Here, $I_0$ is the background signal, while $I_c$ and $I_s$ are signals from the region of the target illuminated by the cosine and sine components of the grid. It is also shown that an in-focus image of the plane of interest could be reconstructed using the equation:

 $I_p = (I_c^2 + I_s^2)^{0.5}$

This can be achieved by acquiring three separate images under the grid illumination conditions, rotating the grid by 60° between each acquisition. The desired 2D image can then be reconstructed using the equation:

 $I_p = ((I_1 - I_2)^2 + (I_1 - I_3)^2 + (I_2 - I_3)^2)^{0.5}$

This creates a 2D image containing only information from most focused region of the grid illumination pattern. If this pattern is created using a light sheet, the sheet can then be scanned in the axial direction to generate a full 3D reconstruction of a sample. The primary drawback of using this approach for reducing background signal is that it ultimately relies on subtracting out the shared background signal between two images. Some in-focus signal will inevitably be subtracted alongside the background haze. This will result in an overall reduction of signal, which can be detrimental in low-signal fluorescent imaging. Nevertheless, this technique is the most common use of SI-LSM and has shown improved axial resolution over LSM alone.

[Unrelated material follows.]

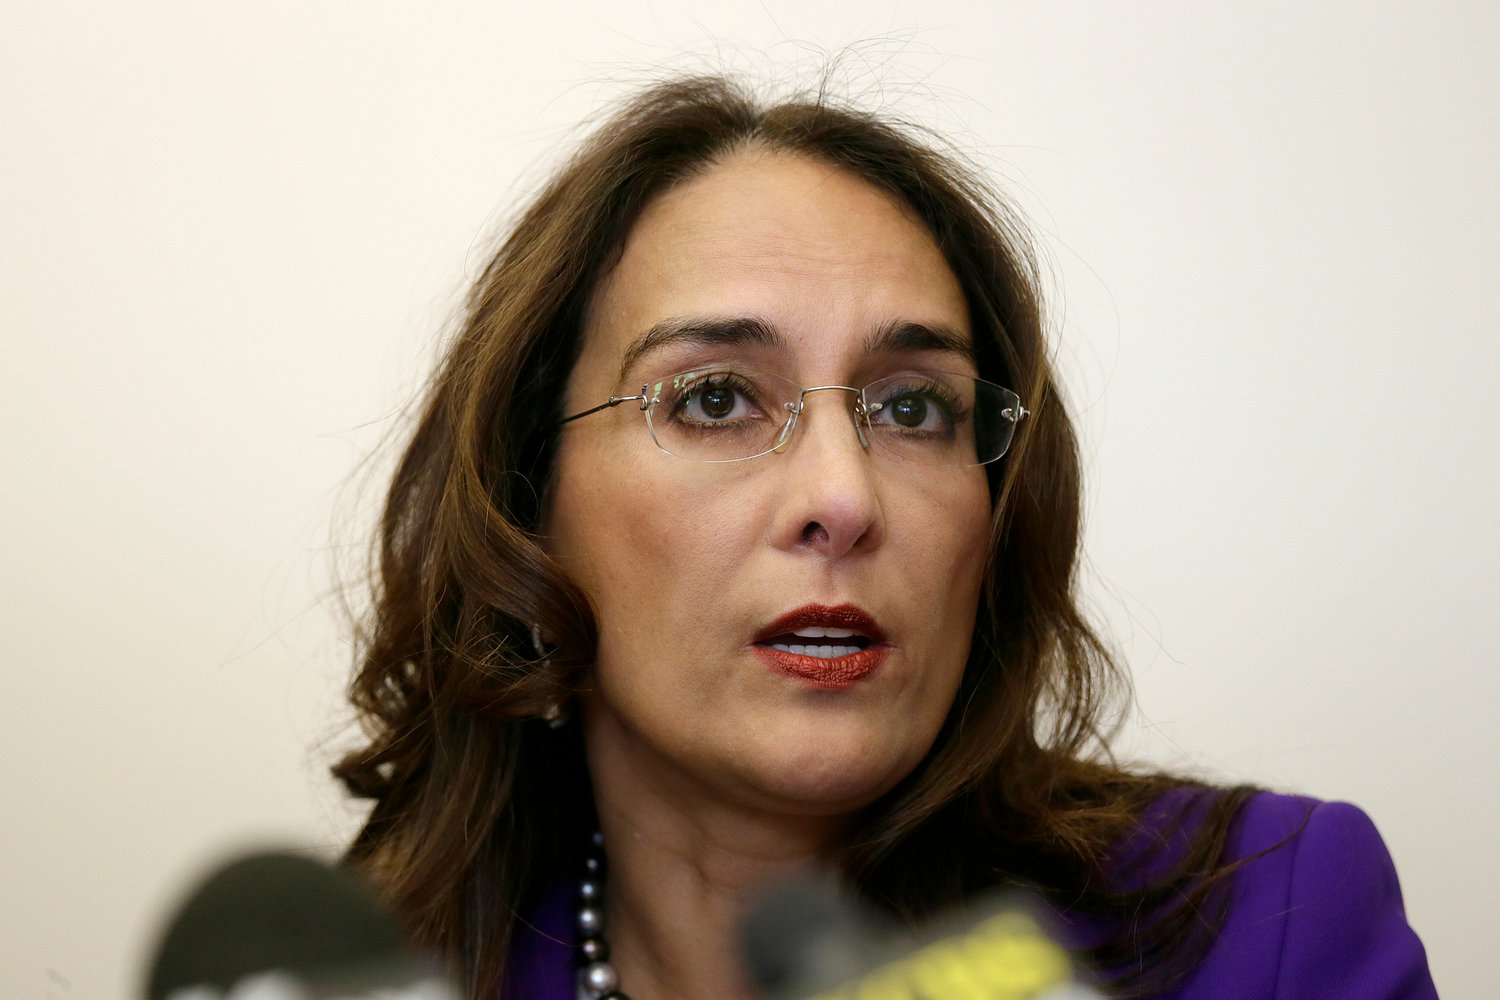 Attorney Harmeet Dhillon speaks during a news conference in San Francisco, April 24, 2017. The race for RNC chair will be decided on Friday by secret ballot as Republican officials from all 50 states gather in Southern California. Current RNC Chair Ronna McDaniel is fighting for reelection against Dhillon, one of former President Donald Trump’s attorneys.

=== Super-resolution SI-LSM ===
Super-resolution SI-LSM (SR-SI-LSM) uses the techniques from 2D or 3D SIM while using a light sheet as the illumination source to achieve the spatial resolution of SIM alongside the depth independent imaging and low photobleaching of LSM. In the most common application, a light sheet is used to create a 1D sinusoidal pattern at a single plane of the 3D target sample. The pattern is then rotated multiple times at this single plane to acquire enough images for a high resolution 2D reconstruction. The light is scanned in the axial resolution and the process is repeated until there are enough 2D images for a full 3D reconstruction. In general, this approach demonstrates not only improved resolution but also improved SNR over OS-SI-LSM, because no information is discarded in the reconstruction. In addition, although the theoretical resolution for SR-SI-LSM is slightly lower than 3D SIM, in depths >10 um this technique shows improved performance over 3D SIM due to the depth-independent focusing of illumination light characteristic of LSM.

== Implementation ==
A major challenge in SI-LSM is engineering systems which are physically capable of generating structured patterns in light sheets. The three main approaches for accomplishing this are using interfering light sheets, digital LSM, and spatial light modulators.

With interfering light sheets, two coherent counterpropagating sheets are sent into the sample. The interference pattern between these sheets creates the desired illumination pattern, which can be rotated and scanned using rotating mirrors to deflect the sheets. Additional flexibility can be added by using digital light-sheet microscopy to generate the illumination patterns. In digital LSM, the light sheet is created by rapidly scanning a laser beam through the sample. This allows for fine control over the specific illumination pattern by modulating the intensity of the laser as it scans. This technique has been used to create systems capable of multiple types of light sheet microscopy in addition to SI-LSM. Finally, spatial light modulators can be used to electronically control the light patterns, which has the advantage of allowing for very fine control of and fast switching between patterns.

In addition, much of the recent work around SI-LSM focuses on combining the approach with other techniques for deep imaging in biological tissues. For instance, a 2021 paper demonstrated the use of SI-LSM with NIR-II illumination to improve resolution of transcranial mouse brain imaging by ~1.7x with a penetration depth of ~750 um and almost 16x improvement in the signal to background ratio. Other promising directions include combining SIM with other techniques for shaping the light sheets in LSM, combining SI-LSM with two-photon excitation, or using non-linear fluorescence to further push the resolution limits.